35 Held Hostage As Man Plays Piano in Lerner Lounge


piano lounge.jpeg

LERNER–  A lone pianist held 35 students hostage in the Lerner lounge this past Tuesday with his incredibly off-key rendition of Duran Duran’s “Hungry Like The Wolf.”

The pianist, identified as Li Wei Goldberg of Wallach 6, released a full list of demands to public security:

  1. A permanent reserved spot in Butler 301

  2. That everyone call him by his actual Chinese name, not “Jeff”

  3. An opportunity to take a joy ride in Bollinger’s Audi

  4. Line cutting privileges at Ferris during peak hours

  5. Immunity

  6. Control of WKCR for a 336 hour 80s marathon

  7. A wig made entirely of Bollinger’s refined-steel locks

  8. A Texas Instruments Nspire CX CAS Graphing Calculator

  9. Abolishment of elevator etiquette

OR Orgo night back in butler

If his demands were not met, Goldberg threatened not only to continue playing in Lerner Lounge, but also to shift to the Hamilton soundtrack.
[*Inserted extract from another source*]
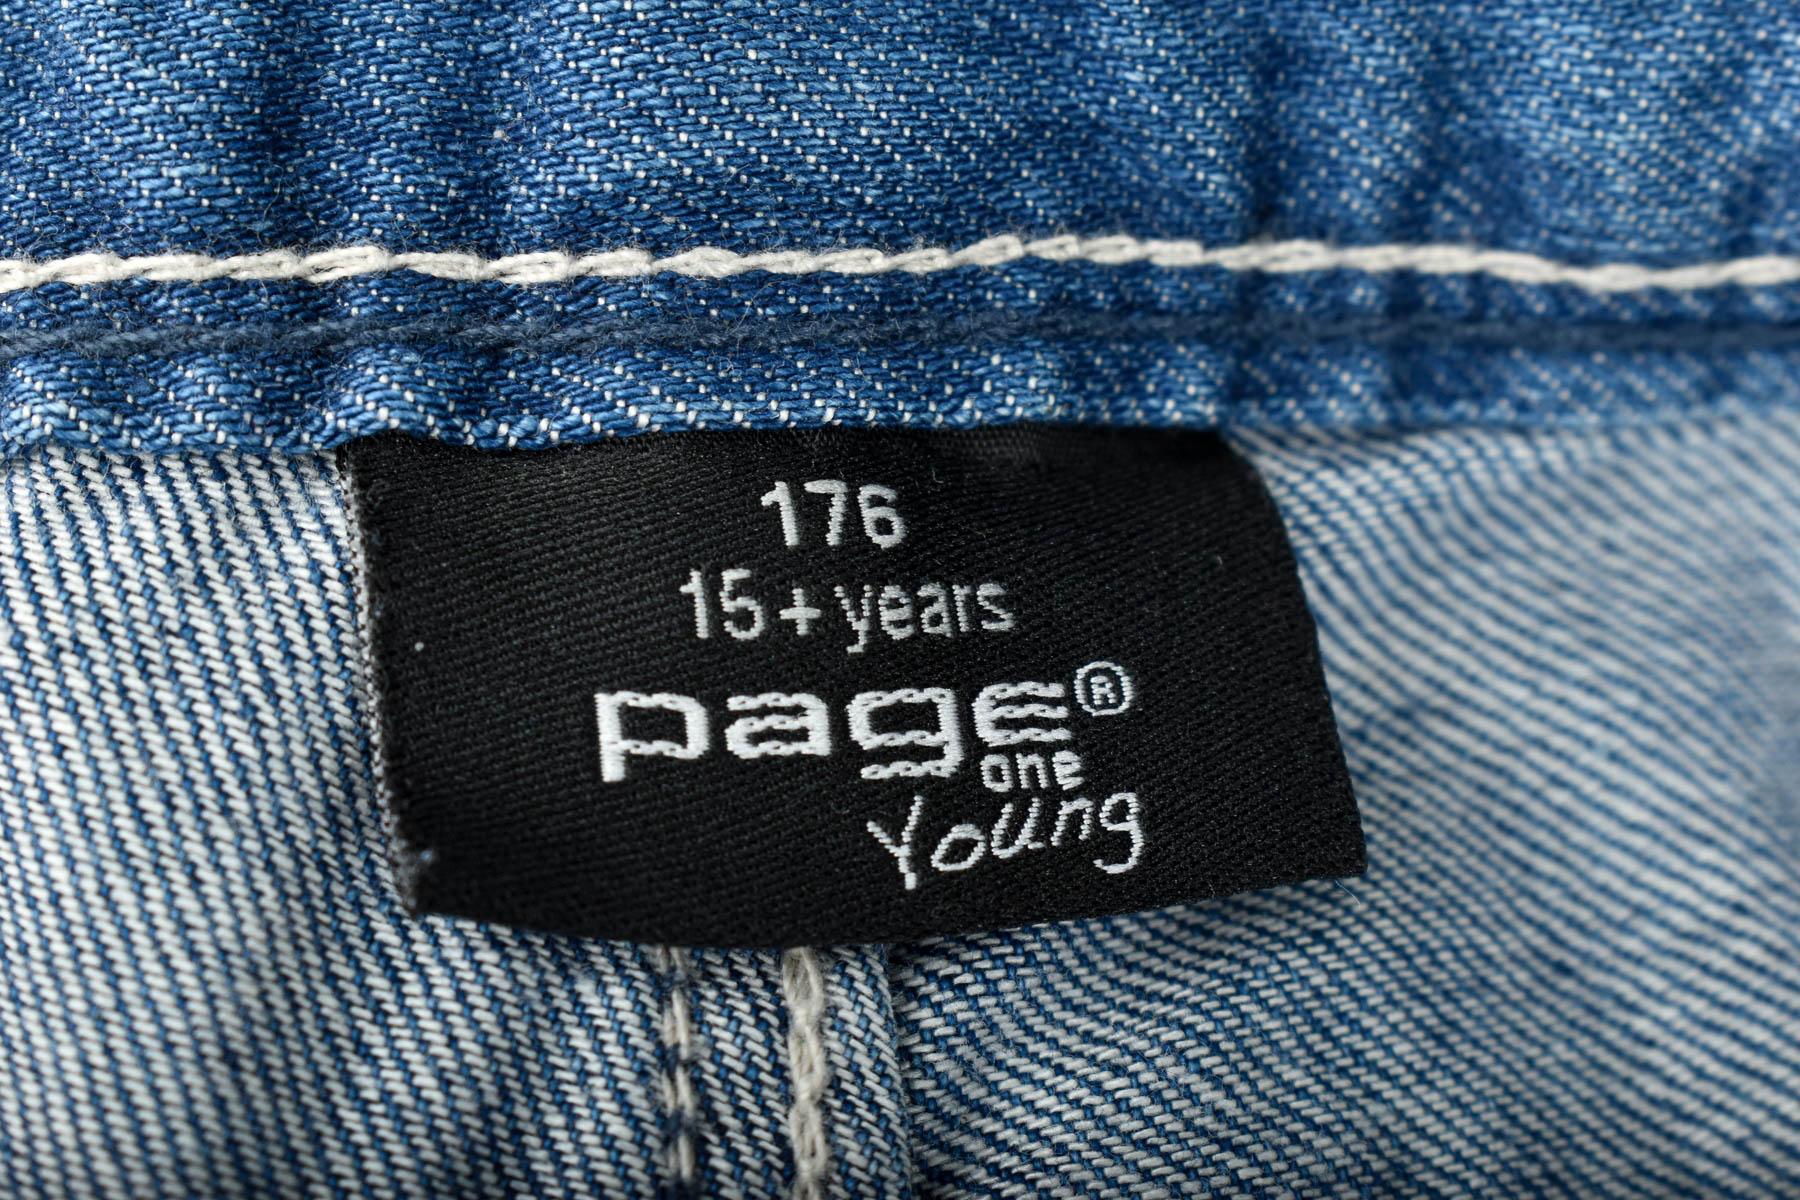 Къси панталони за момиче - Page One Young - 2

Evoking the Sirens of the Odyssey, Goldberg began to sing his ode to Duran Duran, thus ensuring no one could escape. “Of course we wanted to leave, but I’m not going to tarnish my reputation as a gentleman by leaving in the middle of a performance,” said 43 year-old Norman Gurman, GS ‘19, who had the misfortune to be hitting on a sophomore when the Duran Duran devastation hit. Speaking to The Federalist via emergency flip-phone, Gurman tearfully added “Tell my son. . . he’s the man of the house now. Tell him to be strong. Tell him that he’s the real wolf in my life.”

One escapee, Anna Berkhead, BC ’20, commented on the abduction: “It was a normal day in the Lerner lounge, the scent of depression wafted through like freshmen at a NSOP event. At first I thought it was strange that he seemed to be tuning the piano, which as far as I could tell was in totally normal condition, but real hell broke loose when we realized the doors were locked. Luckily I had my headphones in, but his Siren’s song seemed to draw even the most deaf students to the piano.”

A crowd formed around the lounge and many students began hypothesizing regarding what his motives could be. “He hoped to singlehandedly eliminate stress culture on campus with his smooth ivory-tickling.” said one student.  “I heard he ran out of socks,” said another.

“Duran Duran requires a very specific tuning,” said the demure hostage taker. “If any of these uncultured heathens paid attention in Music Hum, they would know that.”

Reports that CAVA was planning a rescue mission were quickly dispelled when a CAVA representative noted, “I’ll clean up vomit, but I’m not going anywhere near this shit. For god’s sake isn’t this Psychological Services’ job?” 

Thankfully, Mike from the Carman security desk arrived on the scene just in time. With a single fist bump and his handy jazz mix playing in the background he was able to calm down Li Wei and defuse the situation. “We don’t negotiate with terrorists, but I can talk to them, because everyone just needs a little love,” said Mike after consoling the crazed pianist.